6. Enable auditing event ID 4662 by enabling proper settings. 7. Customize the SmartConnector for better log consumption:

• Add a parser override to normalize GUIDs.

• Create map files to map schema GUIDs (user and group) and user/group-specific information.

These steps ensure that honeytokens are effectively used to detect malicious activity in directory services. This document discusses implementing auditing in Active Directory (AD) environments to detect internal reconnaissance tools like BloodHound. The primary goal is to track user enumeration of AD objects without revealing the tool's presence through audit events. After enabling auditing, running BloodHound will show logged audit events; these indicate the username of the person enumerating the objects but not the specific host or device used. To effectively implement this, a one-week review period is recommended to investigate any accounts that are performing AD user/group object enumeration.

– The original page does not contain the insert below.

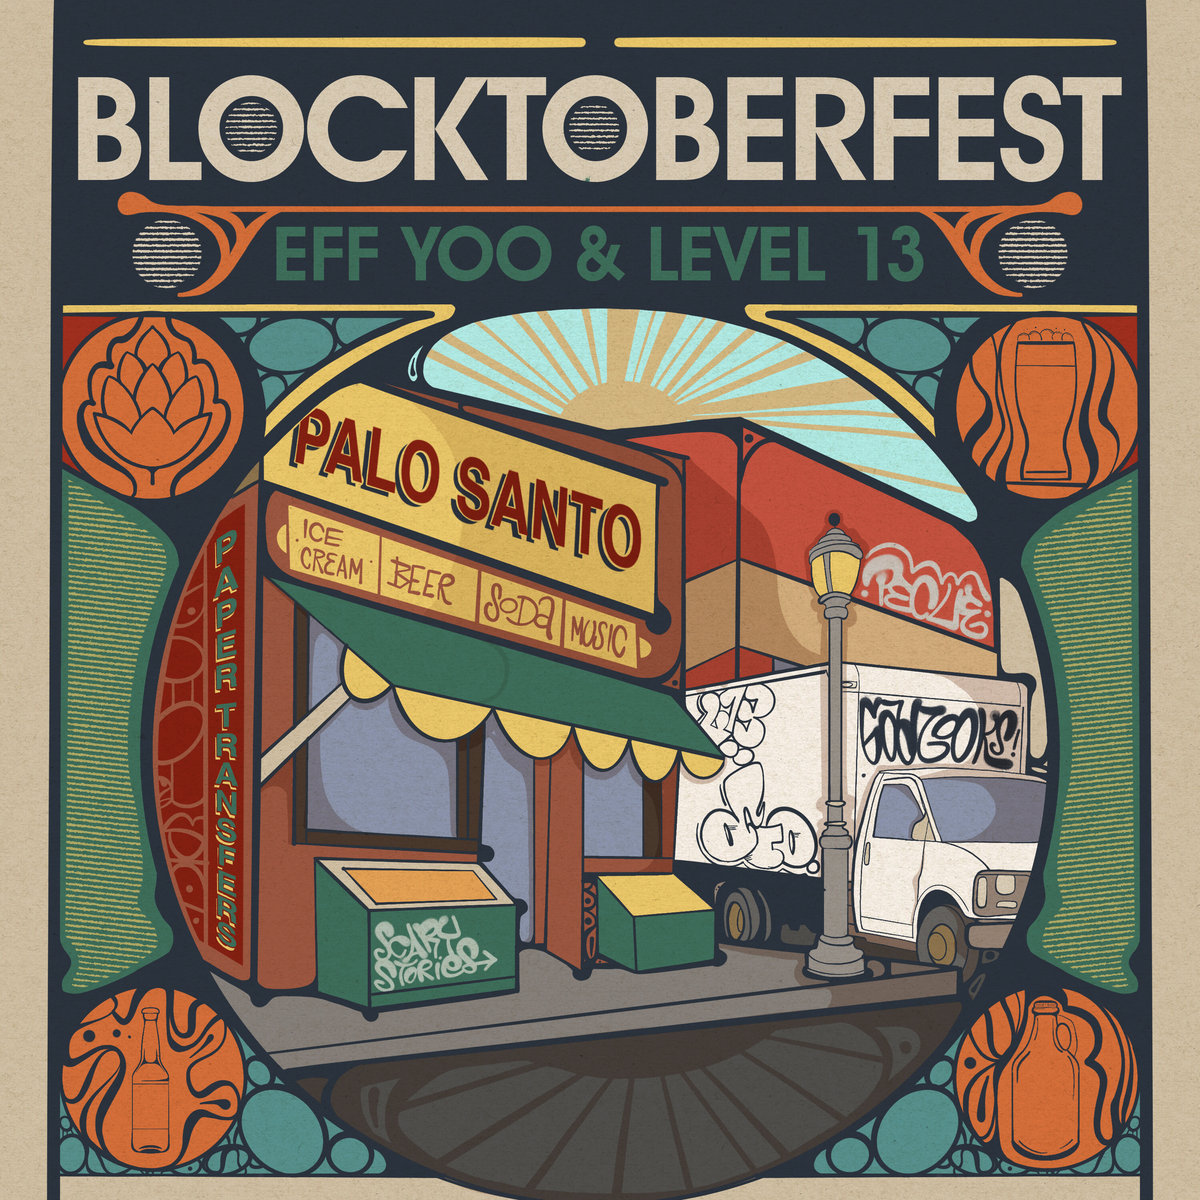 Eff_yoo_x_level_13_blocktoberfest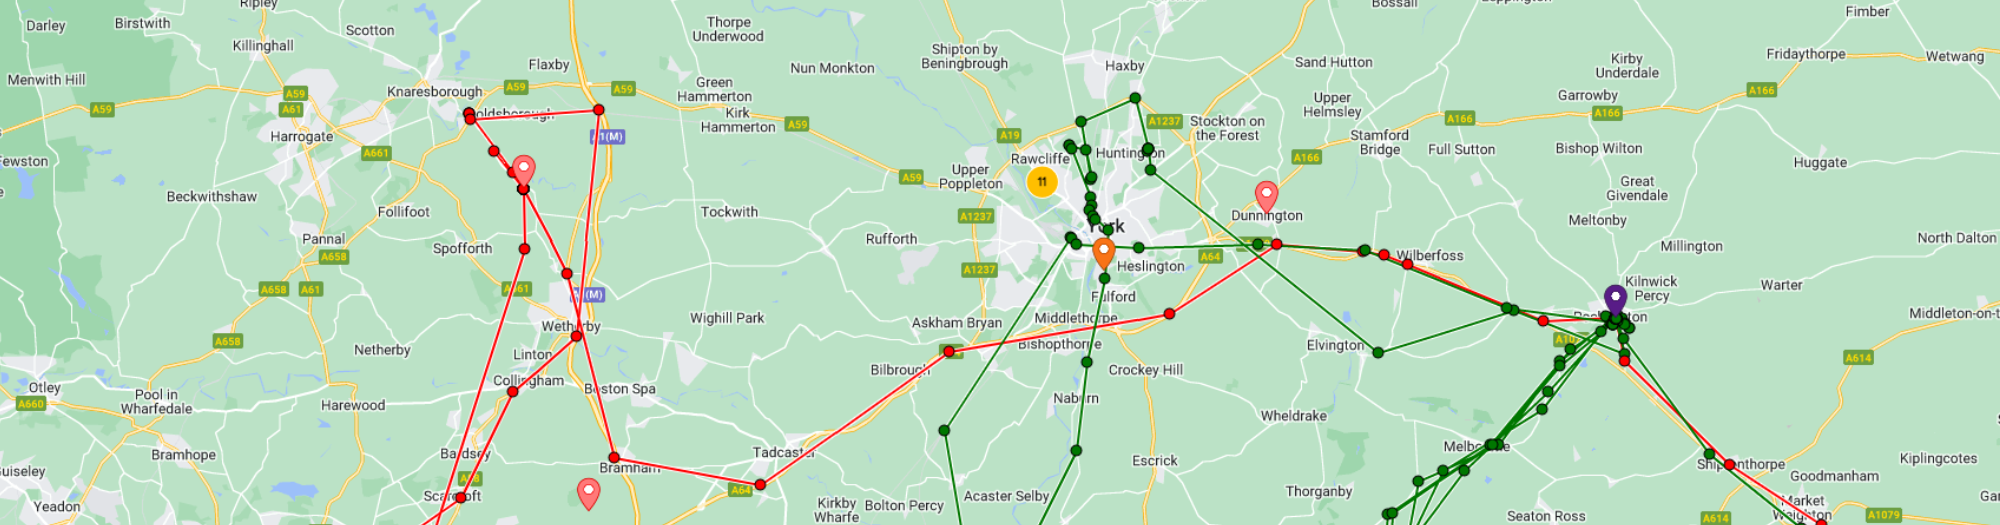 Yorkshire tracking on portal

During this time, it's crucial to differentiate between legitimate servers and applications that require such activities from potential adversaries. Postpone filtering out known systems after thorough vetting. The conclusion emphasizes the importance of understanding BloodHound's functionality for better detection in future strategies. By shifting detection to network and AD event logs, organizations can remain undetected while monitoring for specific triggers rather than relying on easily bypassed signature-based detections. The document also provides references to external resources that further discuss related topics and tools like Microsoft Enterprise Cloud Red Teaming, FireEye's threat research, and BloodHound's GitHub repositories and wiki pages.